Albania, meanwhile, has been on the list since 2020.

Being on the greylist can inevitably have negative effects on countries.

For example, an International Money Fund (IMF) working paper on the impacts of a FATF greylisting warns the move typically has a “significant negative impact on a country’s capital flows”.

“The magnitude of the negative effect is large, on average -7.6 percent of GDP. It varies, however, by type of capital flow,” according to the IMF paper.

Previous VIXIO research found that SWIFT monthly numbers of cross-border payments between 2004 and 2014 show a 7-10 percent reduction in the number of payments sent to a greylisted country by the rest of the world.

Additionally, if Malta is anything to go by, it is likely that there will be an increase in regulatory activity in the country.

For example, VIXIO found that in the months after Malta joined the greylist, regulatory impact based on our indexing of regulatory activity rose tenfold, and way above the global average.

The EU’s AML problem continues

Croatia’s placing on the list will not go down well in Brussels.

The EU has long tried to tighten its anti-money laundering rules, and this is more bad publicity following Malta’s turn on the greylist and scandals such as that of Danske Bank.

When approached by VIXIO, a spokesperson for the European Commission signalled the institution’s support for Croatia, pointing out that FATF’s decision is the result of an assessment of the progress made by Croatia since 2021 to ensure that its national anti-money laundering/counter-terrorism financing (AML/CTF) framework is solid enough to prevent and combat money laundering and terrorist financing.

“Croatia has already demonstrated considerable progress since then,” the spokesperson said, adding that FATF assessed that 41 of the 66 recommended actions contained in the country’s mutual evaluation report have already been addressed.

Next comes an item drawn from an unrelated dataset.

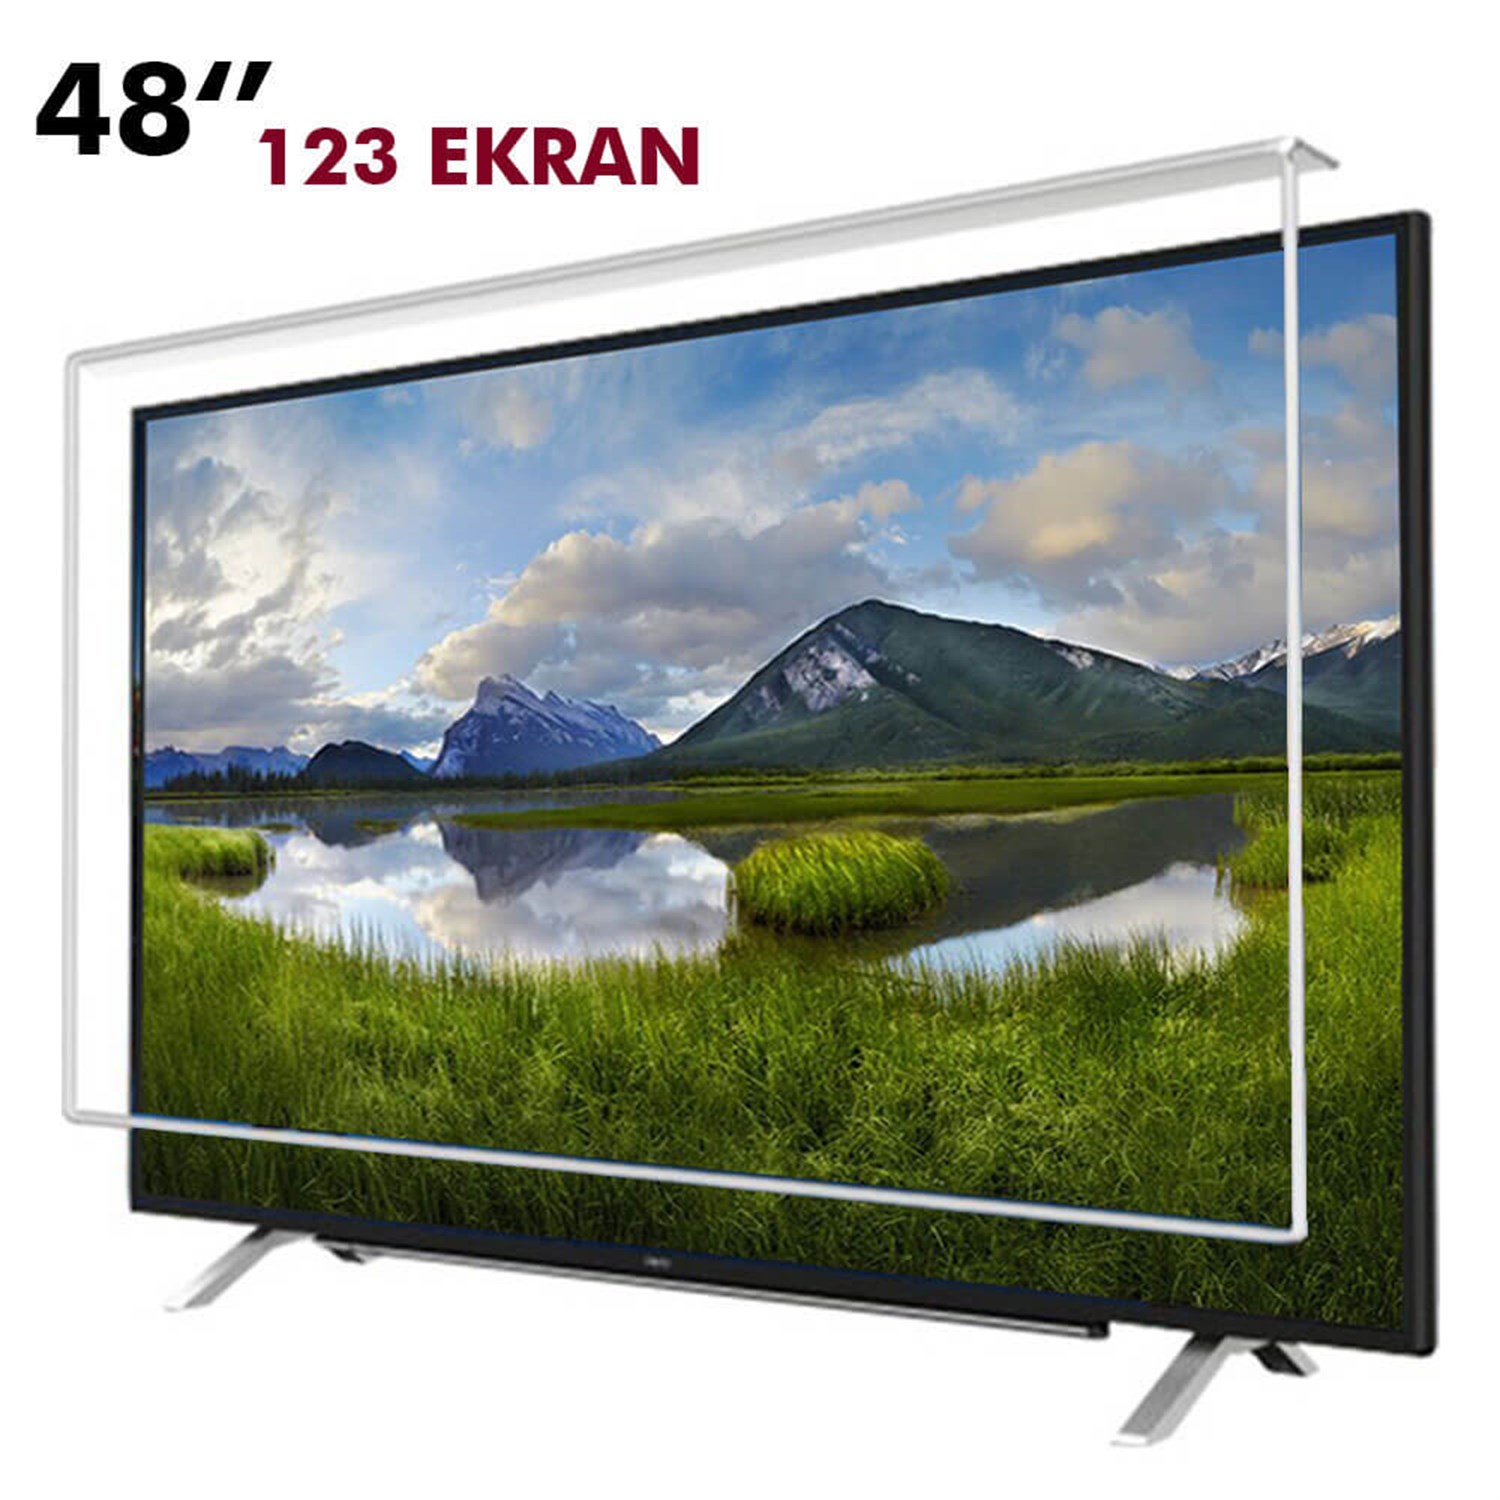 Tv Ekran Koruyucu 123 Ekran(48” inch) | Okularenkkat.com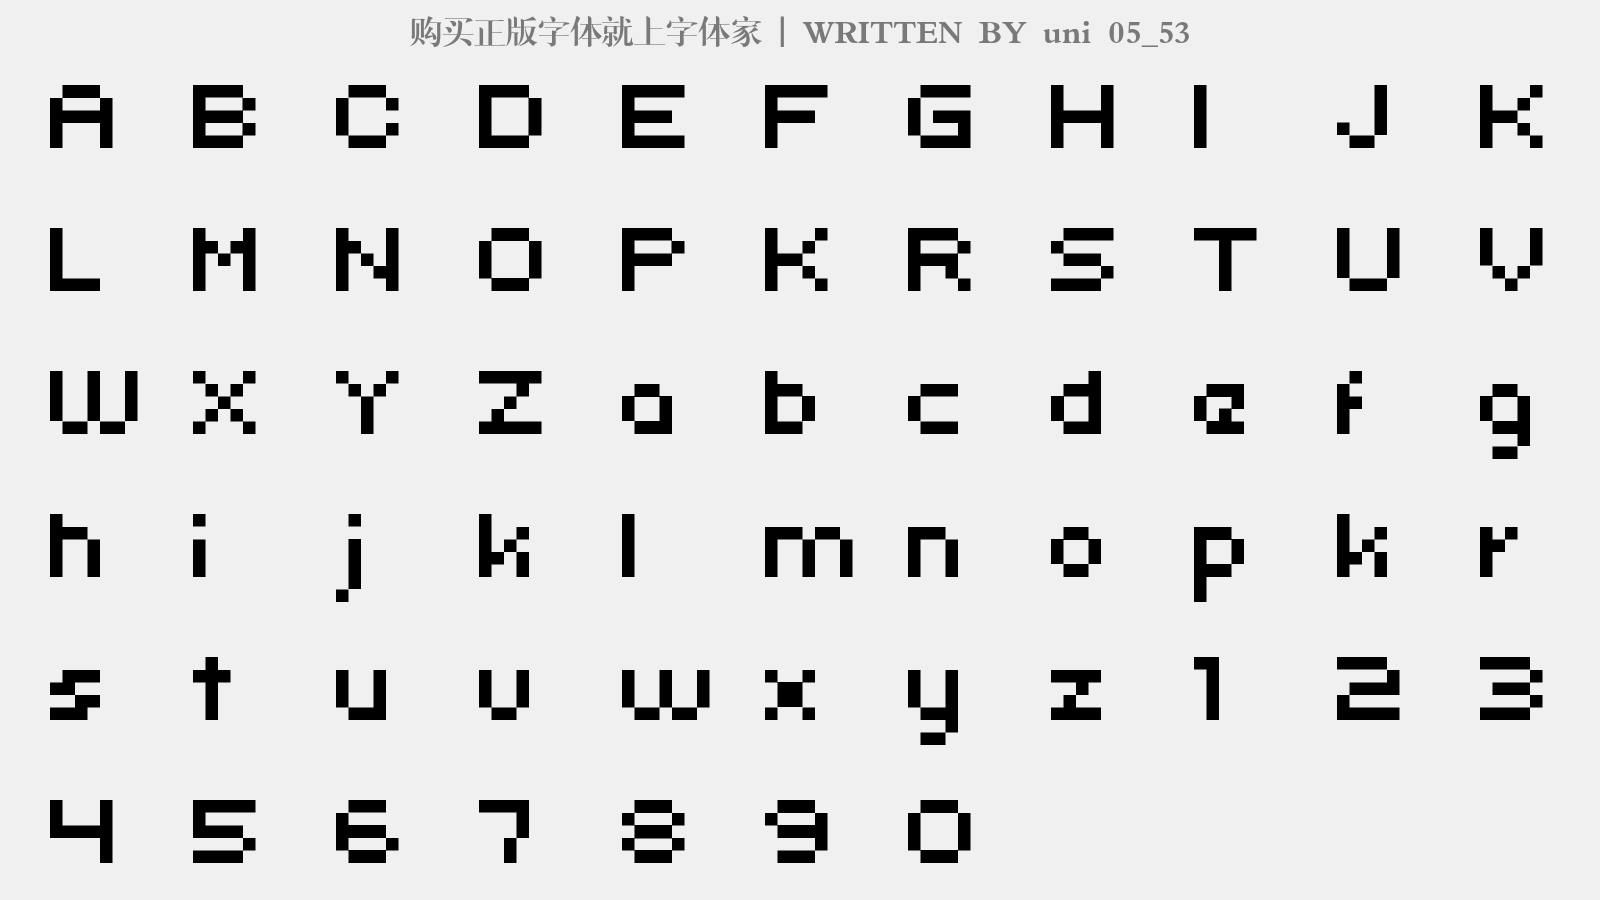 uni 05_53 - 大写字母/小写字母/数字

The remaining deficiencies, meanwhile, mostly relate to the effectiveness of Croatia’s AML/CTF framework, which the commission said typically takes more time to demonstrate.

“Croatia has already initiated the necessary steps to address those remaining deficiencies. We are confident that Croatia will have addressed them by next year and will be delisted by FATF,” the spokesperson said.

“The commission will fully support Croatia on this track. Croatia has a solid regime in relation to many aspects, and it is committed to cooperate with FATF to address the remaining gaps.”